Nuclear security: From summits to mechanisms

By Hubert Foy, May 5, 2016

The idea behind the Nuclear Security Summits was to prevent terrorist groups such as the Islamic State from gaining access to nuclear weapons, fissile materials, and nuclear facilities. But nuclear security is never "done"—not as long as fissile and radiological materials exist—so even now, with the summit process complete, the threat of nuclear terrorism is not necessarily diminishing. Truth is, the risk of nuclear terrorism cannot be eliminated. But if states make the utmost commitment to protecting nuclear materials, nuclear security can be continuously improved. The 2016 summit in Washington eased the way toward continuous improvement by establishing a set of nuclear security mechanisms that all states can join and all can implement—even without summits.

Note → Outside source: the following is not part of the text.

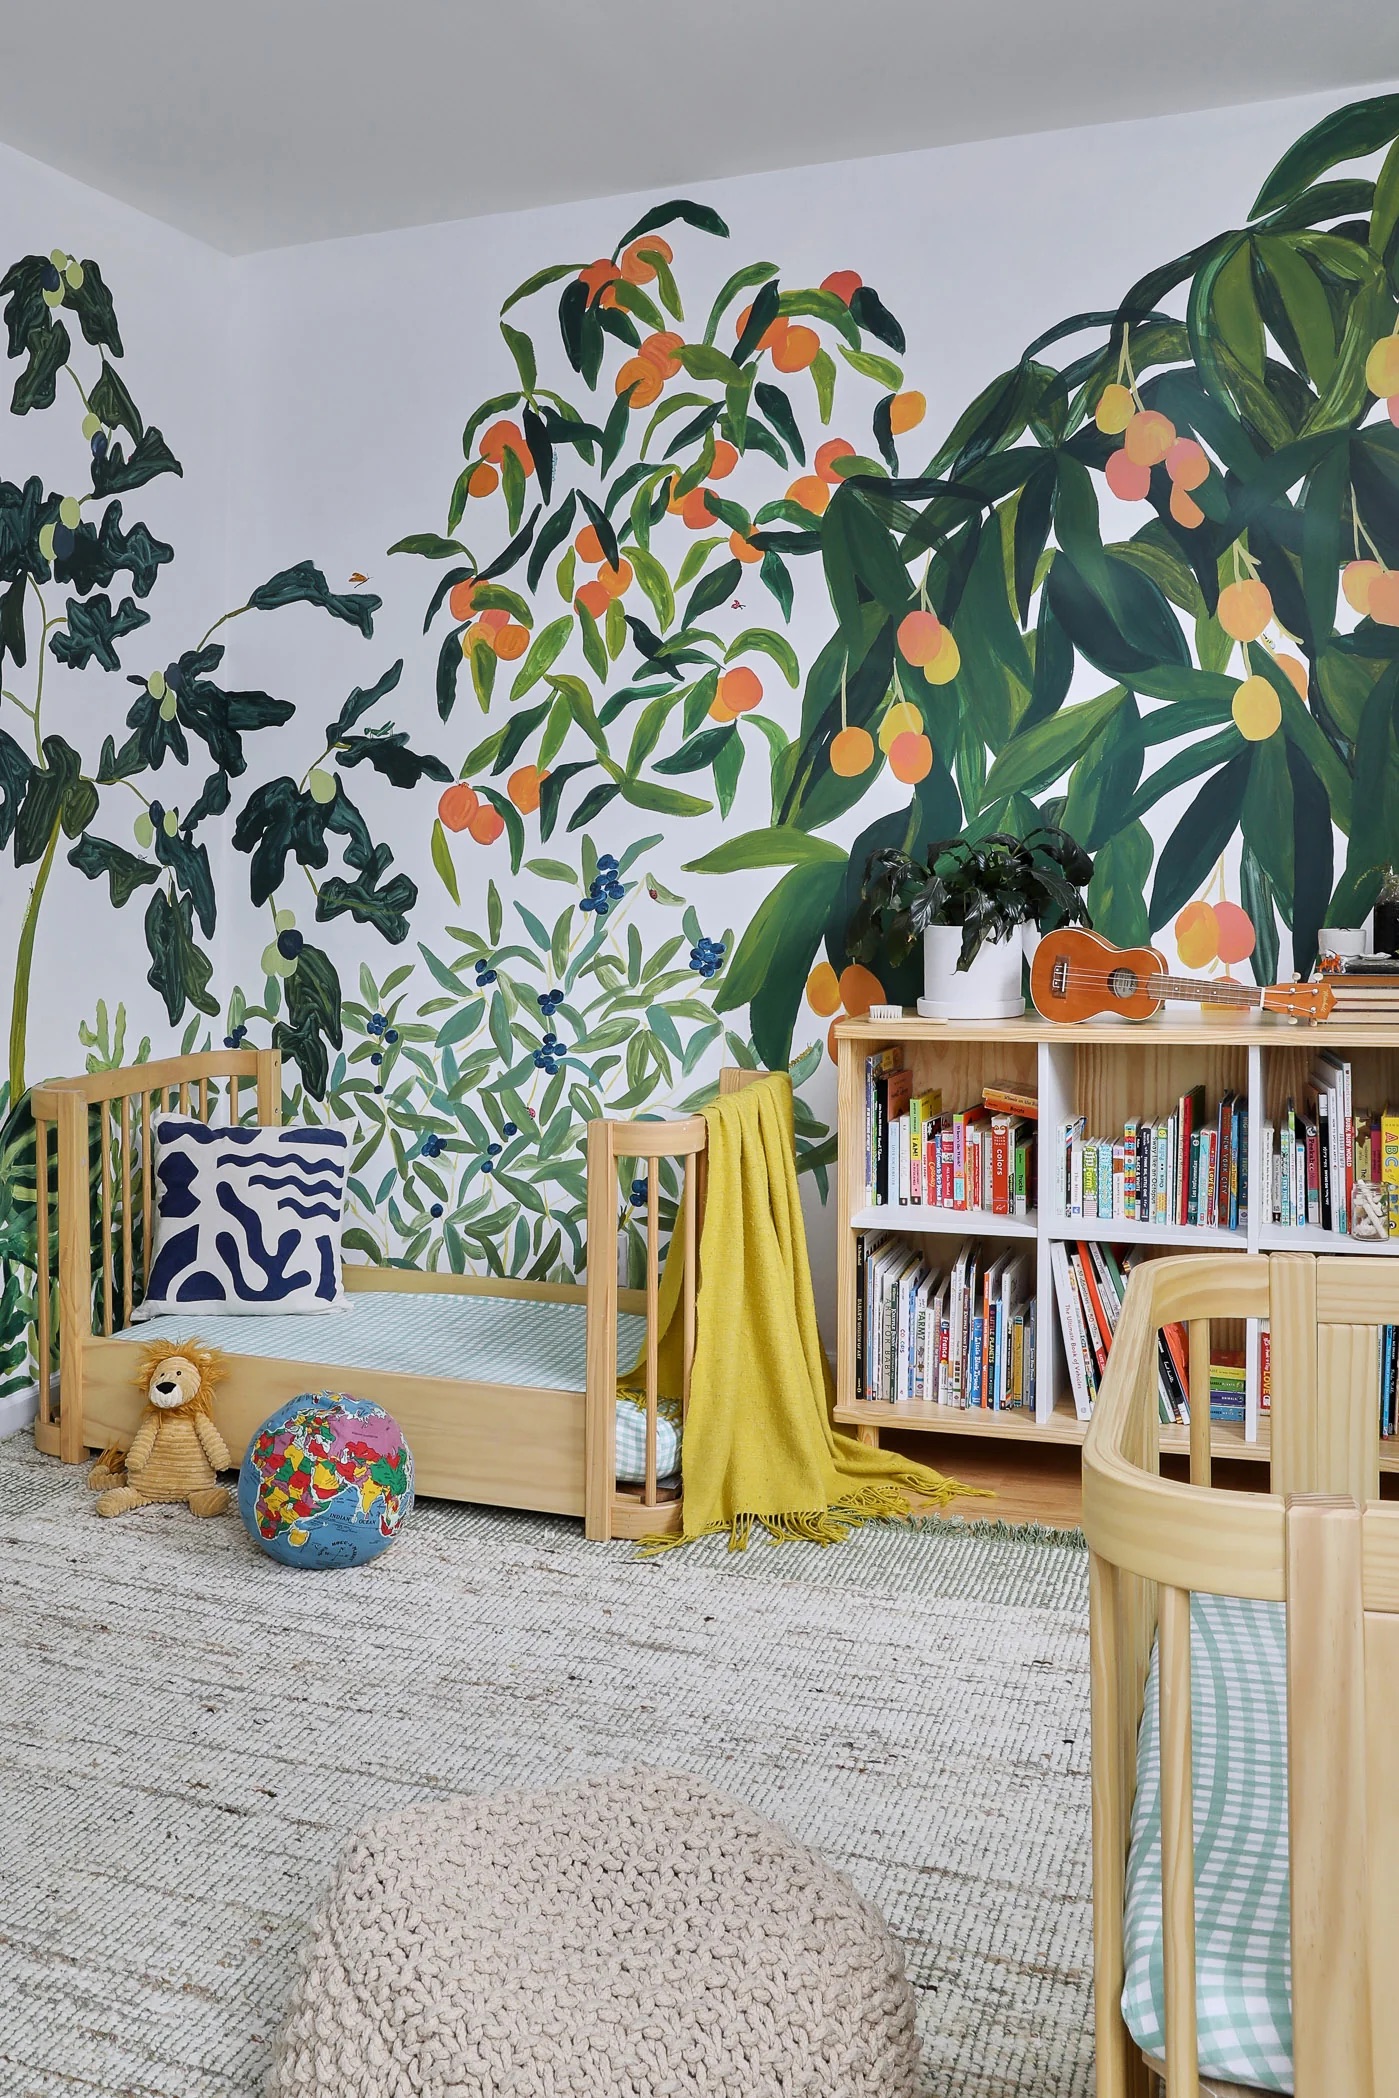 A colorful and vibrant children's bedroom with a botanical wallpaper, wooden furniture, and plush toys.

One such mechanism is the Nuclear Security Contact Group, created via a joint statement by 40 of 52 governments represented in Washington. The group is envisioned as a tight-knit community focused on synchronizing efforts toward implementing the summit agenda, and it is to meet annually on the sidelines of the General Conference of the International Atomic Energy Agency. Michael H. Fuchs, my roundtable colleague, has argued that nuclear security meetings in which heads of state do not participate might be inadequate to preserve momentum in nuclear security. Fuchs concedes, however, that if biennial summits involved ministers of foreign affairs and energy, they would likely gain the support of relevant national agencies and attract meaningful public attention. As it happens, the Nuclear Security Contact Group will be composed of "appropriately authorized and informed senior… officials," as Fuchs envisions that such a group ought to be. Significantly, group members may recommend to national leaders that additional Nuclear Security Summits be convened. And—importantly for nations such as my own Cameroon, which has not been part of the summit process—the contact group will be open to non-summit countries that wish to participate in the summit agenda.

Another significant mechanism concerns best practices for sharing nuclear security information. This mechanism, established in Washington through a joint statement by 17 countries, includes a consolidated national reporting form that enables states to report on nuclear security in a consistent manner. But the form can also take into account varying national circumstances—different nations, for example, have committed to different international instruments. Using the form as a template, states will more readily be able to meet their reporting requirements, making their nuclear security activities more sustainable. The mechanism will also, by increasing transparency, build international confidence in the effectiveness of nations' nuclear security regimes.

Finally, the 2016 summit resulted in five action plans intended to transfer segments of the summit agenda to existing nuclear security institutions. For states that belong to these institutions, the action plans represent mechanisms for playing enhanced roles in improving nuclear security. The plan established for the United Nations, for example, calls for increased efforts to fully implement Security Council Resolution 1540 (which obliges states not to support the ambitions of non-state actors seeking access to weapons of mass destruction). Initiatives such as these allow states that did not participate in the summit process to get involved now.

To be sure, fora for collective action on nuclear security extend beyond the institutions involved in the action plans. They also include the nuclear industry, professional societies, and communities of nongovernmental experts. These are all key components in the nuclear security architecture, and they can nurture new ideas while helping professionals build their skills and establish global connections.

In the post-summit era, a danger exists that President Obama’s vision for reducing the threat of nuclear terrorism won't be pursued vigorously enough. Nuclear security could decline dangerously. But these outcomes can be avoided if nations challenge themselves to implement commitments made during the summit process—and if the mechanisms growing out of the 2016 summit are utilized as they deserve to be. The mechanisms are designed to perpetuate some of the summit process's most important attributes: the ability to attract sustained, personal attention from national leaders; a format capable of eliciting commitments from participating countries; and a focus on tangible, meaningful outcomes.